Furthermore, in our commentary on the process, we cite a few concrete examples of deliberation, DMDU, and EEJ and where they have been used, with citations to read further on their applications. Some examples include the Dutch Delta Commissioner’s work for DMDU, Irish, Taiwanese, and American uses of deliberation, and the WHO’s uses of expert elicitation and horizon scanning, as well as biorisk and ecological cases. We had to lean a little on brevity due to the range of components involved, so ideally the citations can furnish further detail where we couldn’t due to length considerations.
Finally, in the Our Plans section, we also cite the Myriad-EU pilots that used multi-level multi-risk assessments that were conducted with DMDU to address more of the typical complex risk and systemic risk areas we’d look to contribute towards. Hope this helps!
Hi Will,
What is especially interesting here is your focus on an all hazards approach to Grand Challenges. Improved governance has the potential to influence all cause areas, including long-term and short-term, x-risks, and s-risks.
Here at the Odyssean institute, we’re developing a novel approach to these deep questions of governing Grand Challenges. We’re currently running our first horizon scan on tipping points in global catastrophic risk and will use this as a first step of a longer-term process which will include Decision Making under Deep Uncertainty (developed at RAND), and a deliberative democratic jury or assembly. In our White Paper on the Odyssean Process, we outlined how their combination would be a great contribution to avoid short termist thinking in policy formulation around GCRs. We’re happy to see yourself and Open AI taking a keen interest in this flourishing area of deliberative democratic governance!

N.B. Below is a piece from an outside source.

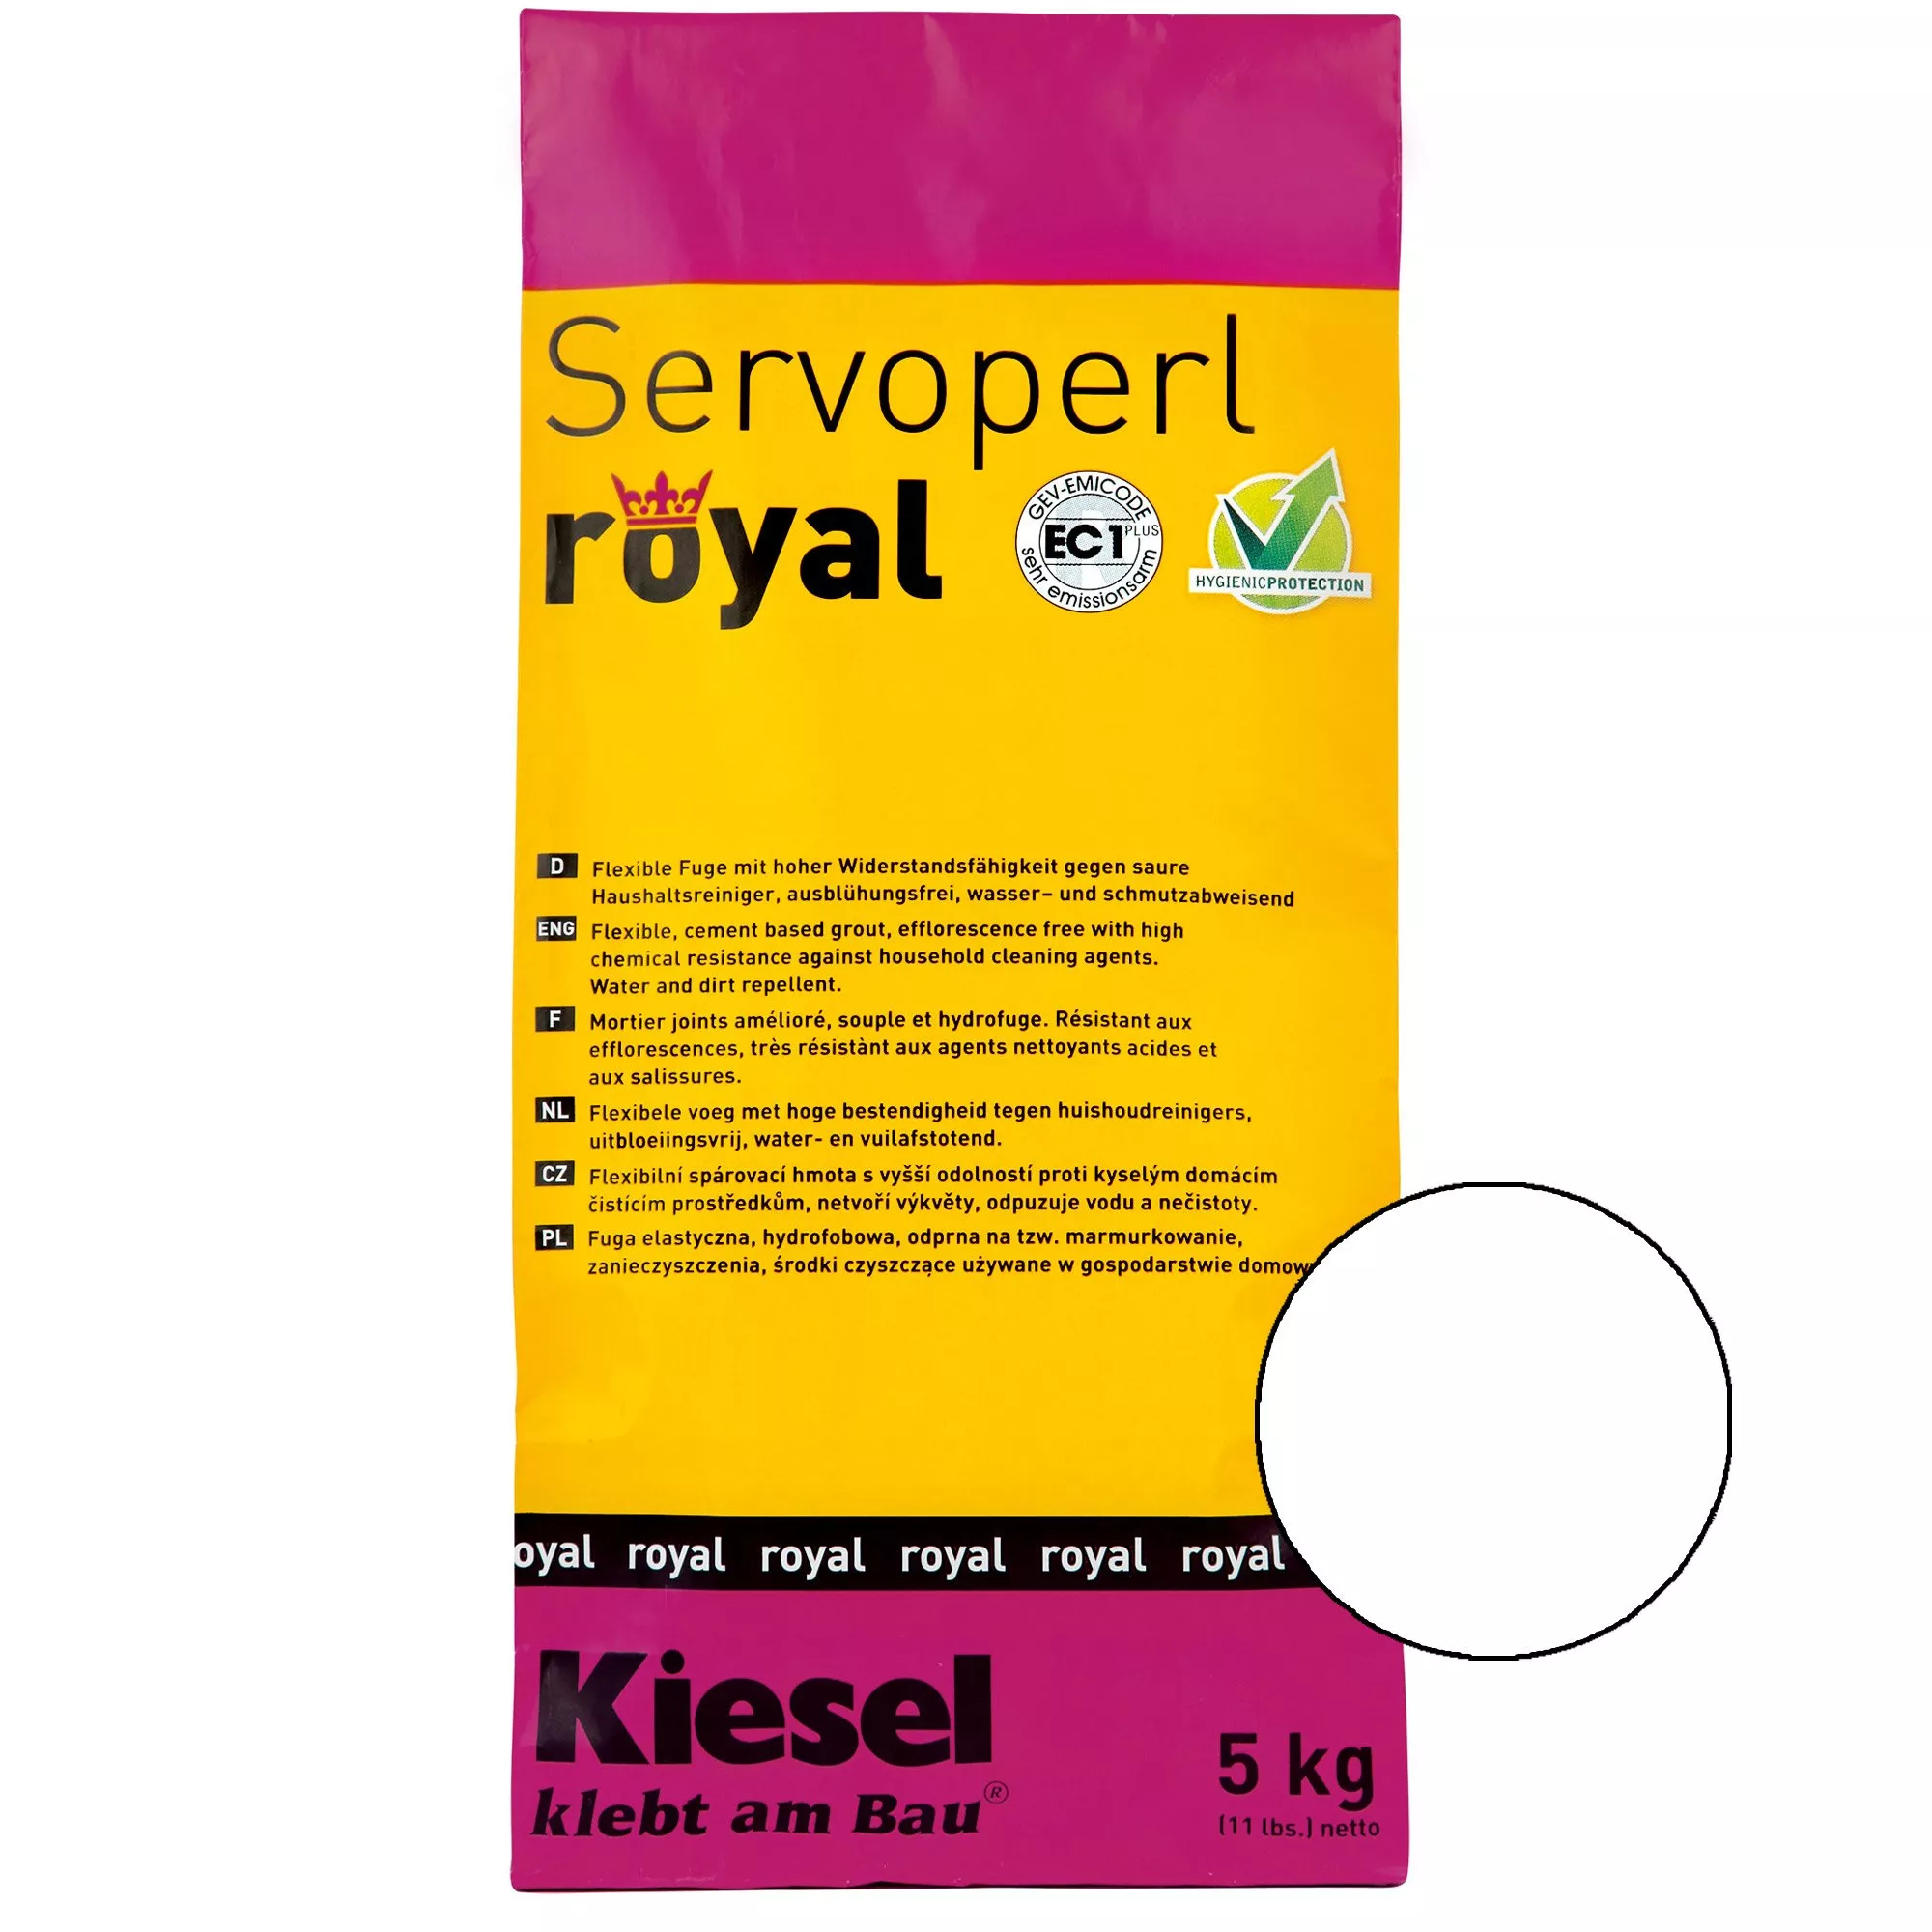 Kiesel Servoperl royal - Flexible, wasser- und schmutzabweisende Fuge (5KG Weiß)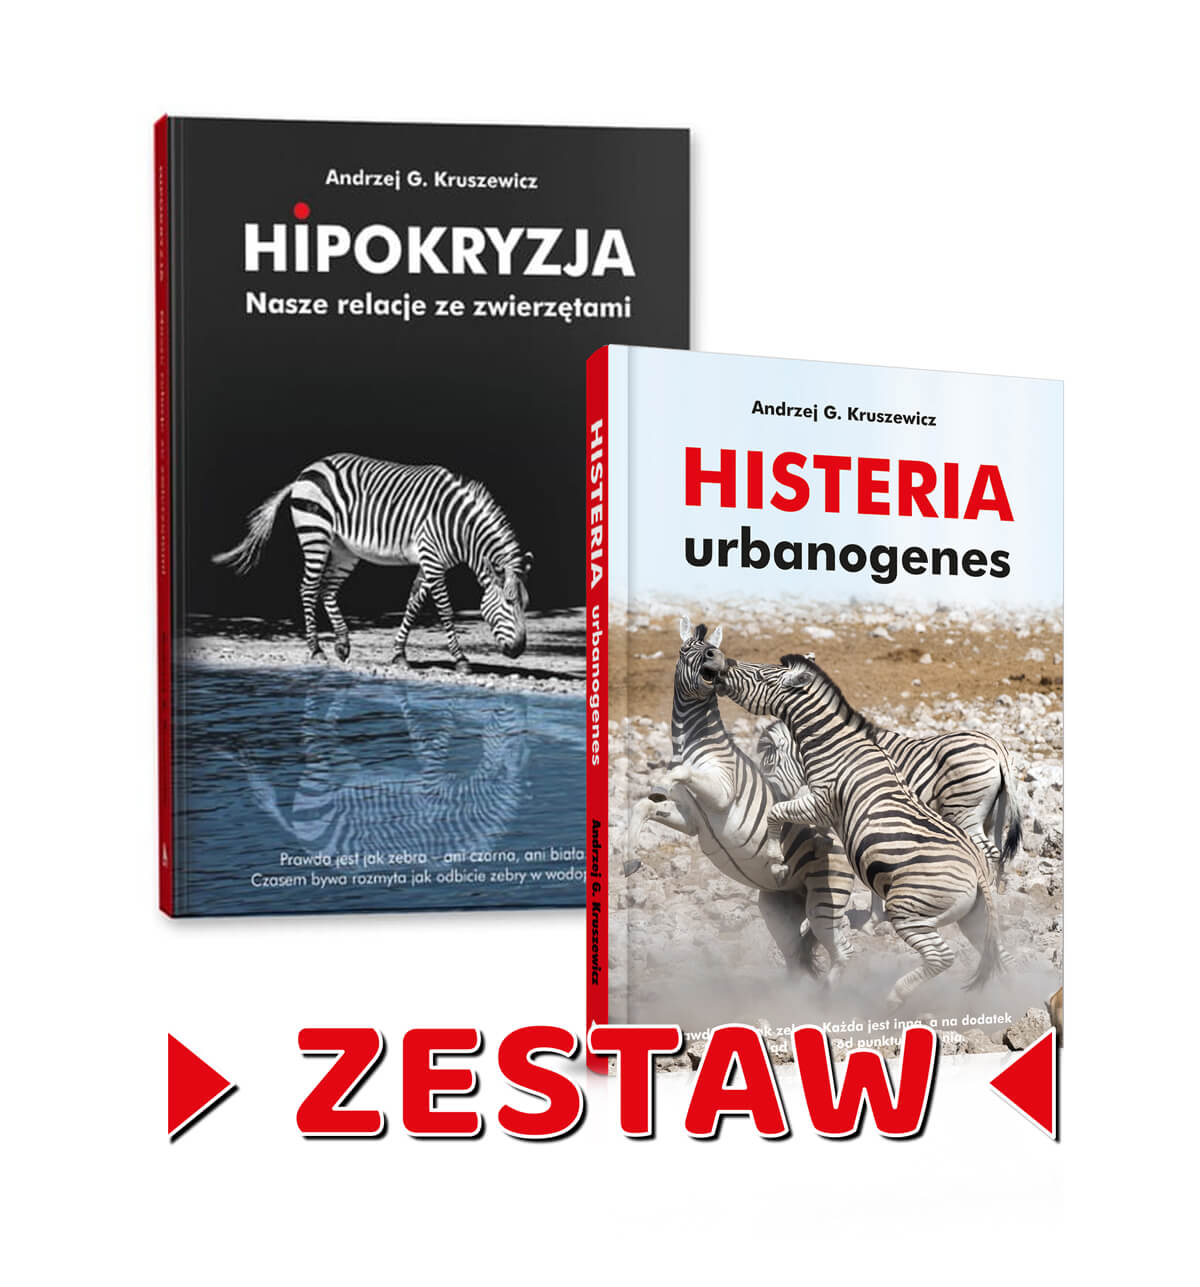 Zestaw (Histeria + Hipokryzja) – Andrzej G. Kruszewicz

We are highly encouaged by the fact that you see it “of comparable importance as AI alignment, not dramatically less tractable, and is currently much more neglected. The marginal cost-effectiveness of work in this area therefore seems to be even higher than marginal work on AI alignment.” Despite this, the work remains neglected even within EA and thus would benefit from greater focus and support for more resources to be allocated to it. We’d welcome a chance to discuss this in a more in depth way with you and others interested in supporting it.